Real-time Speech Recognition returns null

  • Real-time Speech Recognition is designed for streaming audio and only supports uncompressed PCM or WAV files with an 8 kHz or 16 kHz sample rate, a 16-bit bit depth, and a single channel (mono). For more information, see Supported audio formats for Speech Recognition services.

  • If you are testing the service with a pre-recorded audio file, you must first convert it to a supported format. For instructions, see Convert your audio format.

MP3 file error in Short Speech Recognition

Short Speech Recognition does support the MP3 format, but this error can occur if other properties like sample rate or channel count are incorrect. If the error persists, use the Audio File Transcription or Audio File Transcription (Offline Edition) service and add the enable_sample_rate_adaptive=true parameter to your request. For more information on format requirements, see Supported audio formats for Speech Recognition services.

TOO_LONG_SPEECH error in Short Speech Recognition

As described in the service requirements, Short Speech Recognition supports audio up to 60 seconds long. If your audio is longer than 60 seconds, use Real-time Speech Recognition, Audio File Transcription, or Audio File Transcription (Offline Edition). For more information, see Supported audio formats for Speech Recognition services.

Audio file fails to transcribe in the console demo

Convert your audio to an uncompressed WAV file with an 8 kHz or 16 kHz sample rate, a 16-bit bit depth, and a single channel (mono). For instructions, see Convert your audio format.

AUDIO_DURATION_TOO_LONG error

The maximum supported audio duration for Audio File Transcription and Audio File Transcription (Offline Edition) is 12 hours.

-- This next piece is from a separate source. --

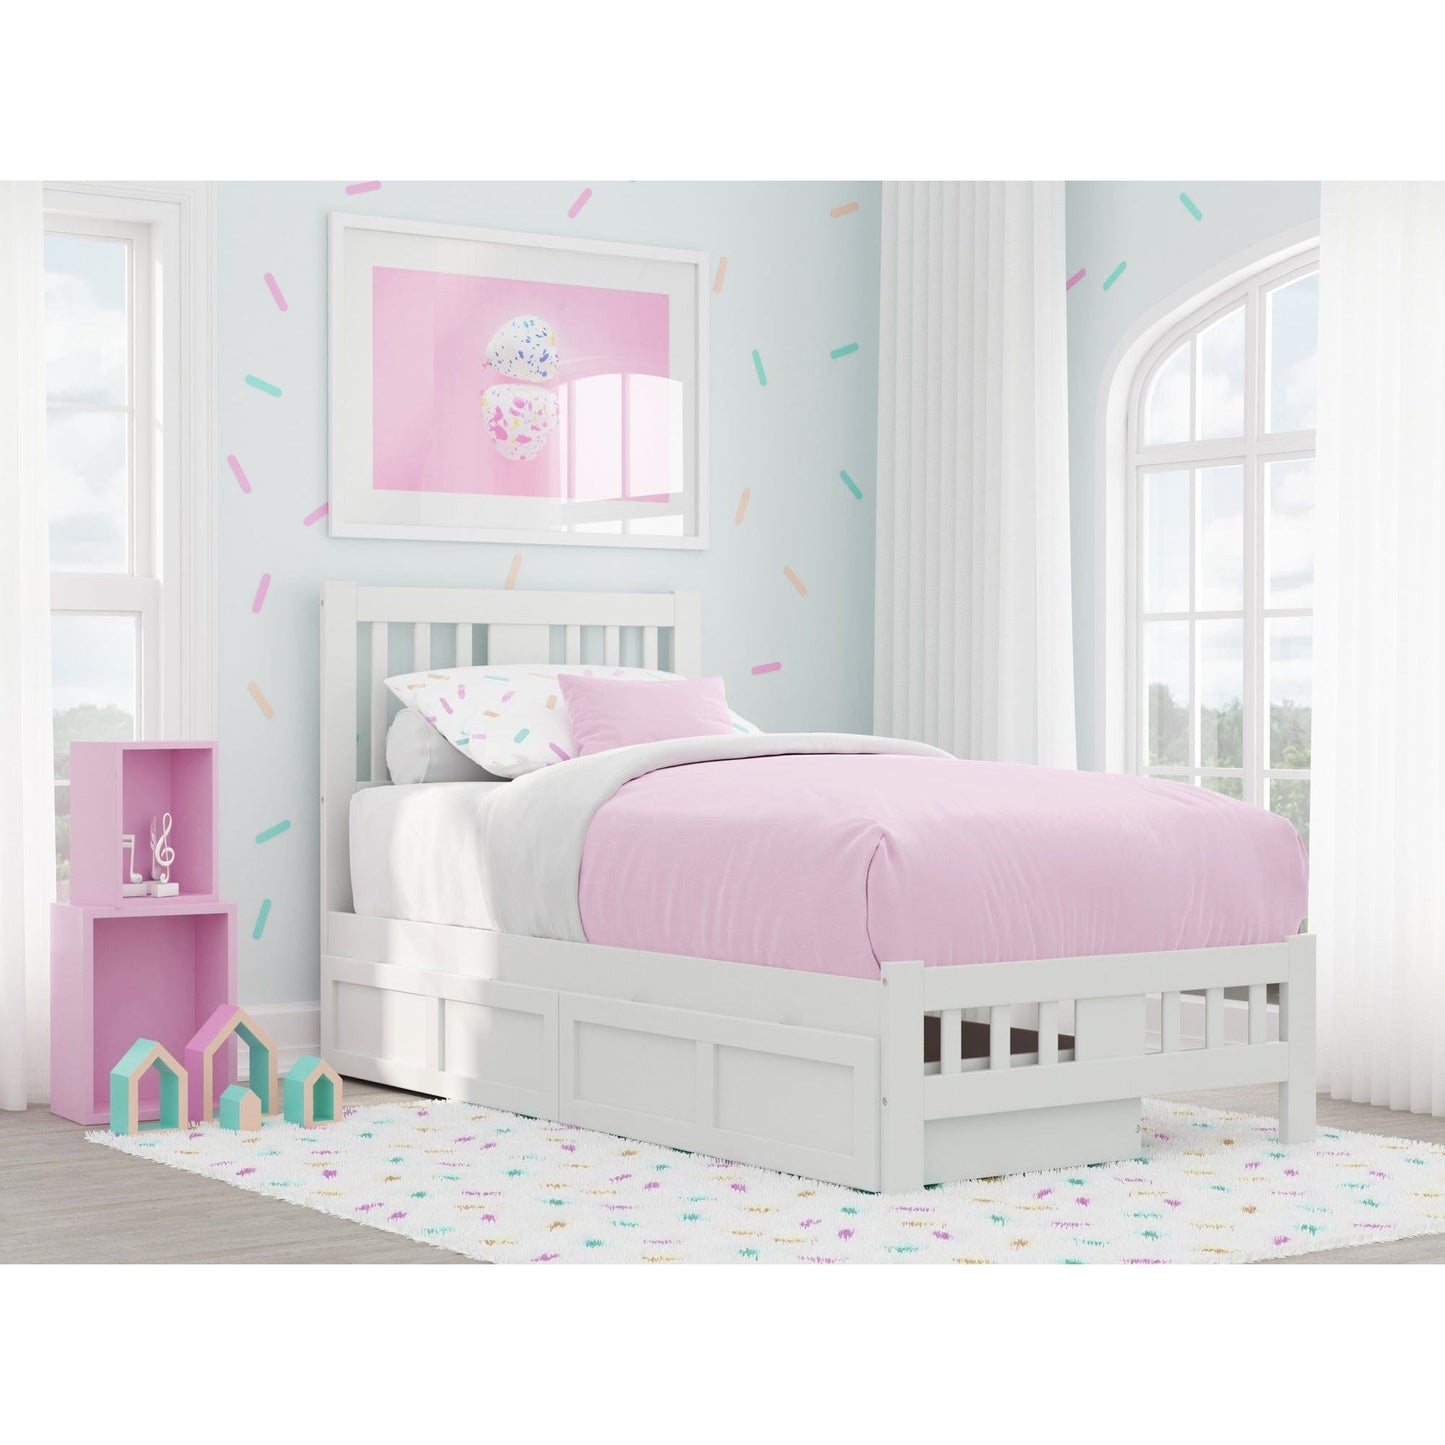 AFI Furnishings Tahoe Twin Bed with Footboard and 2 Drawers in White AG8963322

This error occurs if your audio file exceeds this limit. You can use an FFmpeg command to split the long audio file into smaller segments and transcribe them individually.

Download FFmpeg from its official website: https://ffmpeg.org/download.html

Example FFmpeg command:

ffmpeg -i input_audio.wav -ss 00:10:00 -to 5:10:00 -c copy output_audio.wav

Parameter descriptions:

-i input_audio.wav: Specifies the input file, input_audio.wav.

-ss 00:10:00: Sets the start time. Processing begins at 10 minutes into the original audio.

-to 5:10:00: Sets the end time. Processing stops at 5 hours and 10 minutes into the original audio.

-c copy: Specifies the codec option. The copy value instructs FFmpeg to copy the audio stream directly, bypassing re-encoding.

output_audio.wav: Specifies the output file, output_audio.wav. The duration of the resulting audio is 5 hours.

Note: If you are transcribing a dual-channel audio file and need to process both channels, the maximum supported audio duration is 6 hours. This logic applies to other multi-channel audio formats.